Analytical methods
Samples from the reactors were immediately filtered on 0.45 µm polyvinylidene fluoride membranes (Millipore, USA) and stored at -20°C until analysis. Volatile fatty acids (VFAs; formate to valerate), lactate, succinate and glucose were analysed using high performance liquid chromatograph (HPLC) method described previously (Rombouts et al., 2019). Ethanol was analysed using a gas chromatography (GC) method described previously (Rombouts et al., 2019). The off-gases were monitored on-line for H2 and CO2 by a connection to a NGA 2000 MLT 1 Multicomponent analyser (Rosemount, Shakopee, Minnesota, USA). Data acquisition (base, H2, CO2) was made using a BBI systems MFCS/win 2.1 (Sartorius, Göttingen, Germany).

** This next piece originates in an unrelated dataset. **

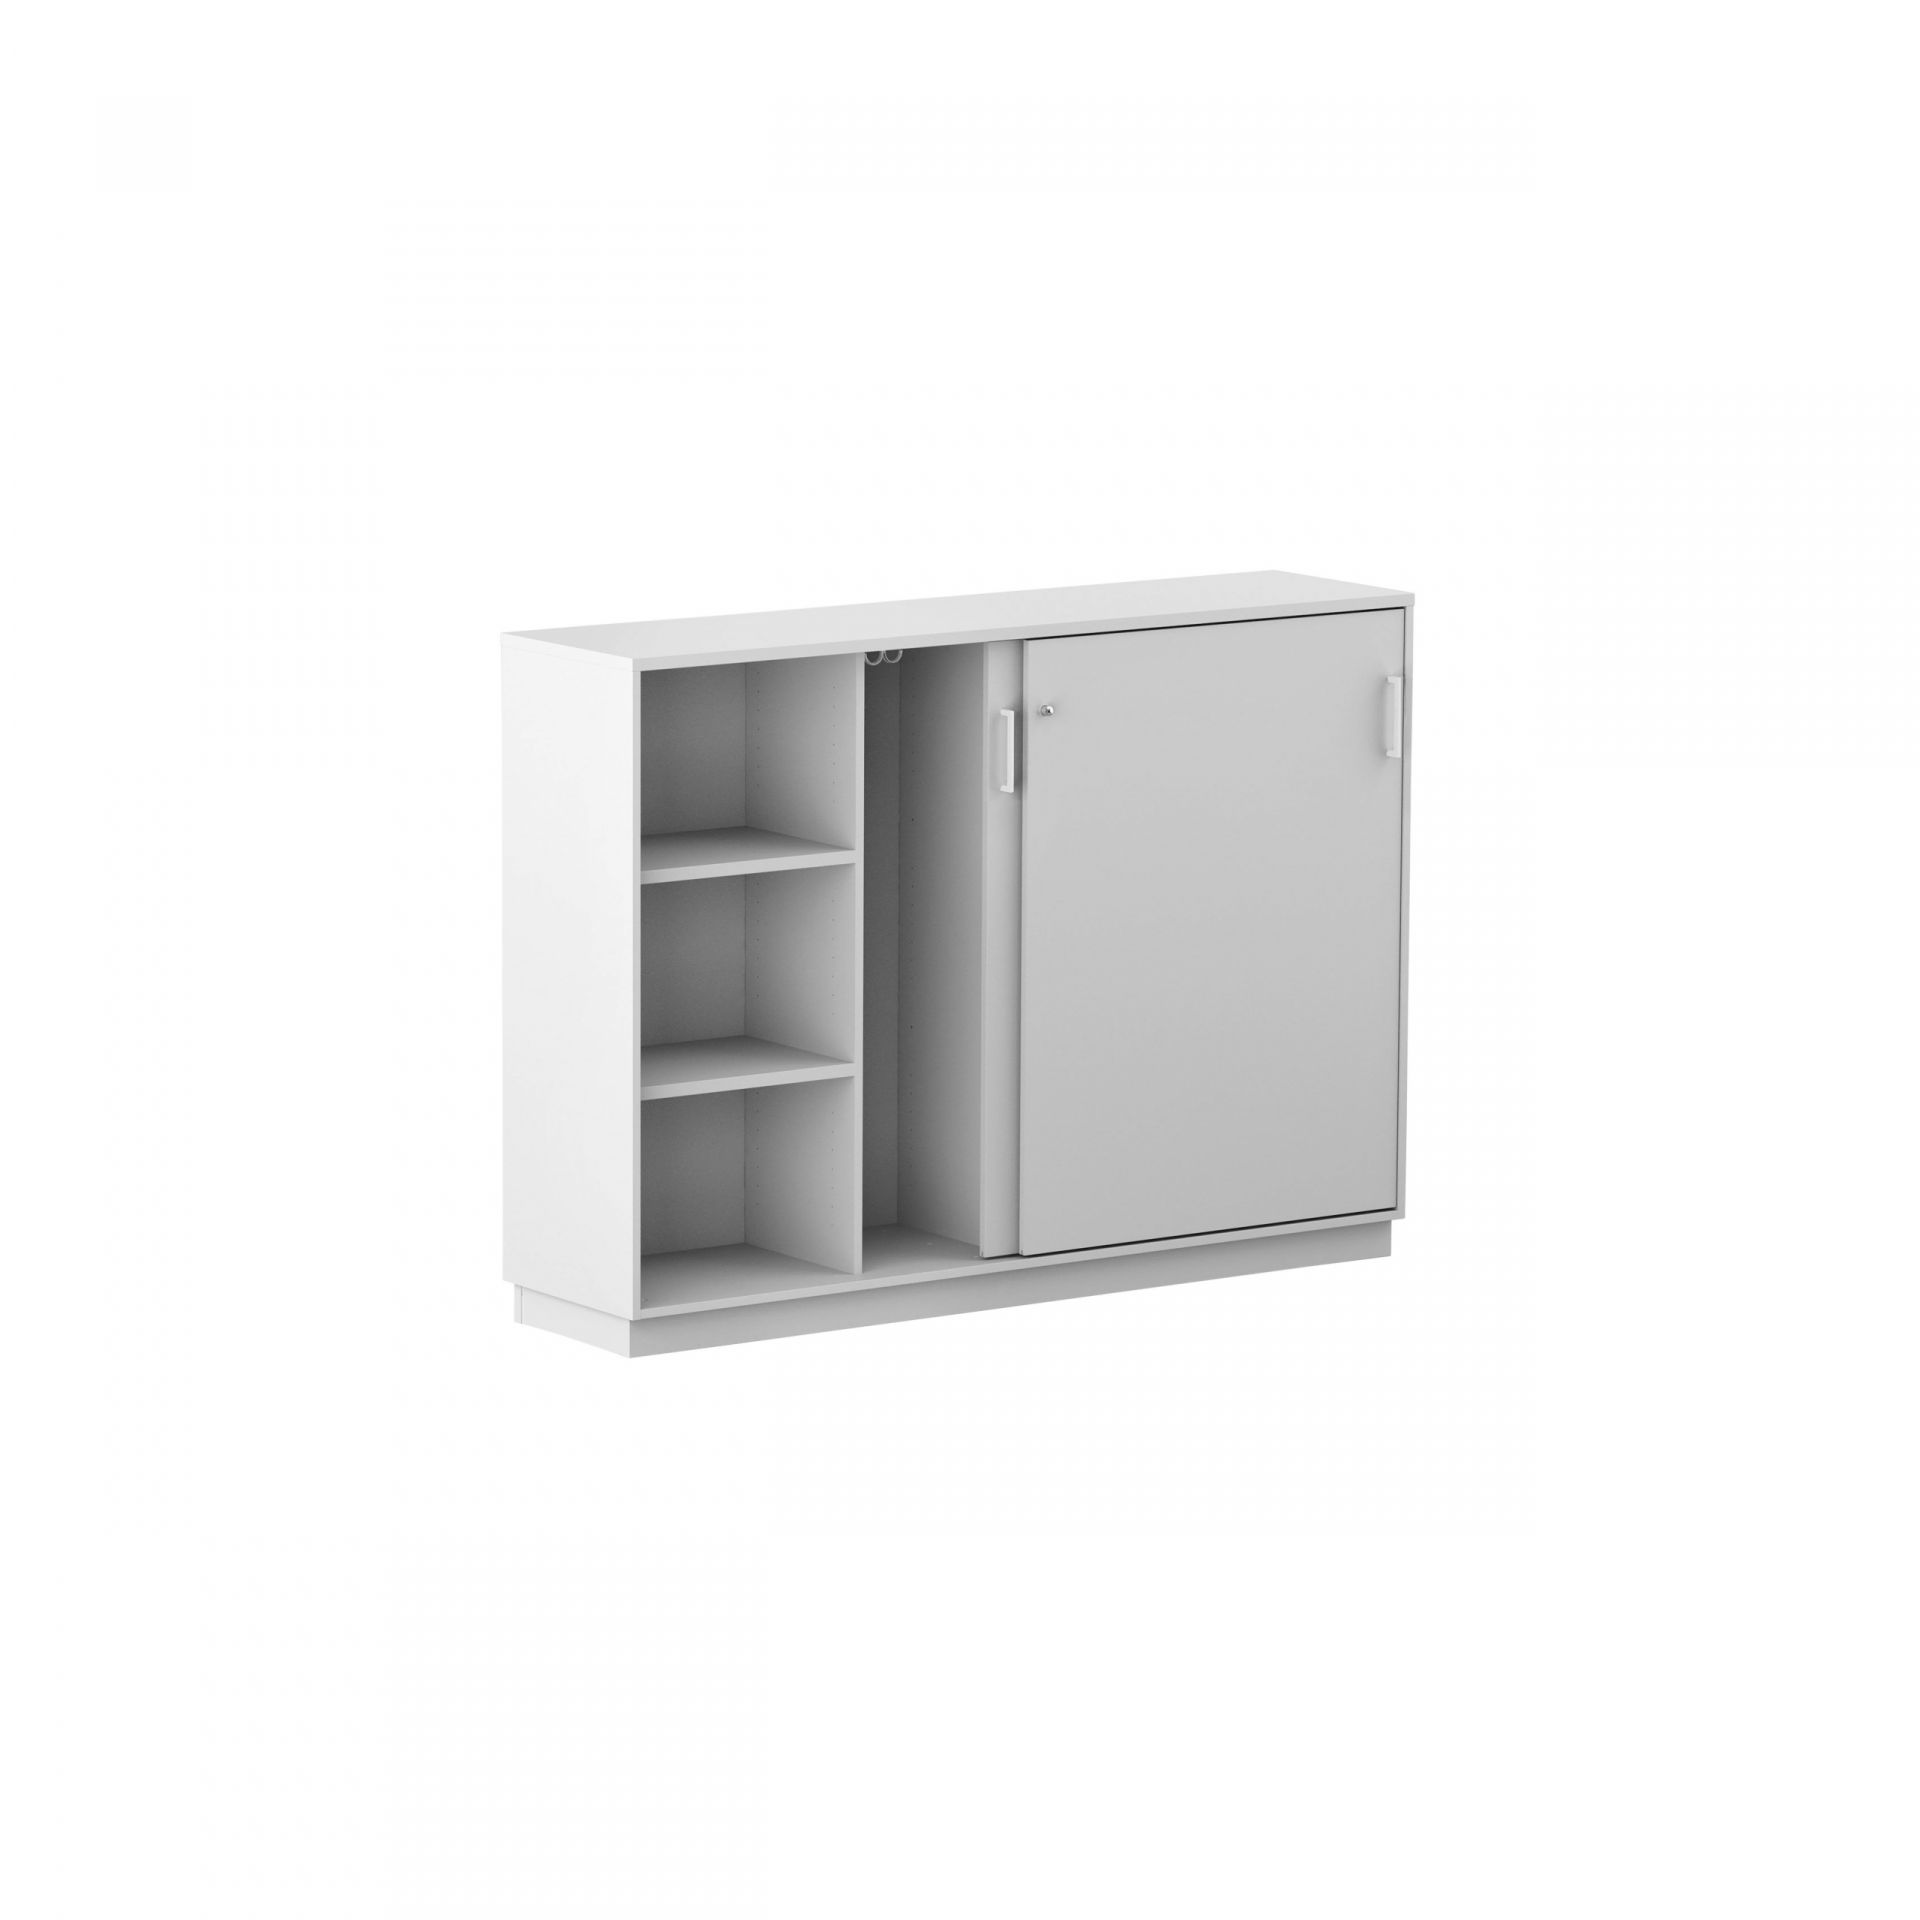 Hold Sliding-door cabinet product image 2
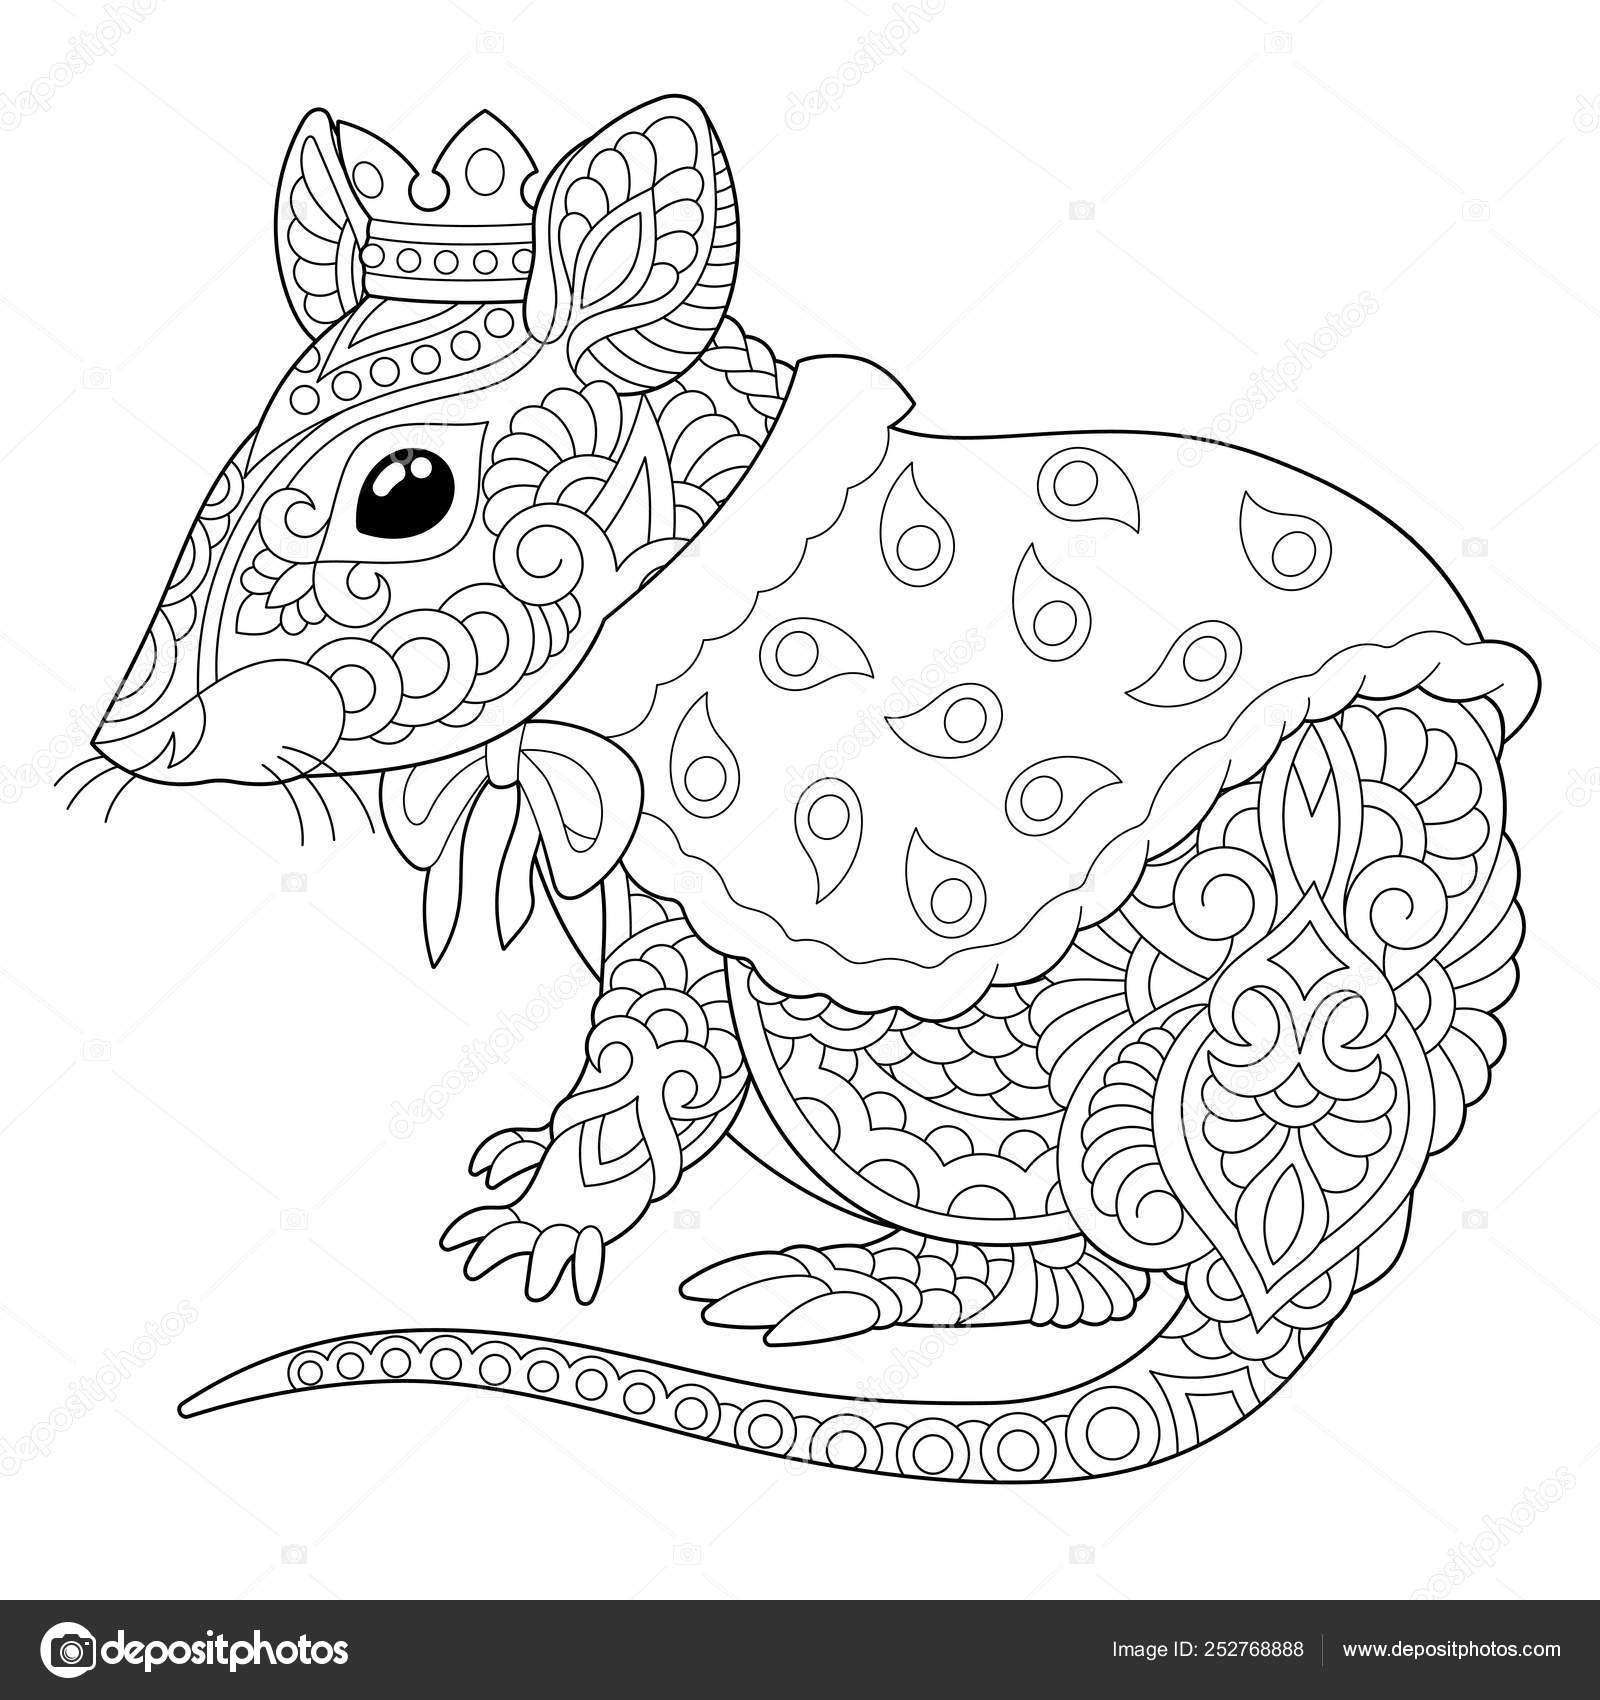 Zentangle mouse rat coloring page stock vector by sybirko

Methane was measured manually using GC with a Varian CP 3800 (Varian Medical Systems, Palo Alto, California, USA) equipped with a MolSieve capillary column (1.2 m x 1 mm; 13 x 80/100 mesh, 50 °C) and a thermal conductivity detector (200 °C) with N2 as a carrier gas (2 mL min-1).
Biomass concentration was measured using a standard method which relies on centrifugation of 150 mL to separate the cells from the medium, drying these solids to obtain the total suspended solids (TSS) and burning these solids at 550 °C to determine the amount of volatile suspended solids (VSS) (APHA, 1998). This analysis was coupled to absorbance measurement at 660 nm to establish a correlation. Absorbance values were used to calculate the biomass concentration during the cycle analysis and batch experiments.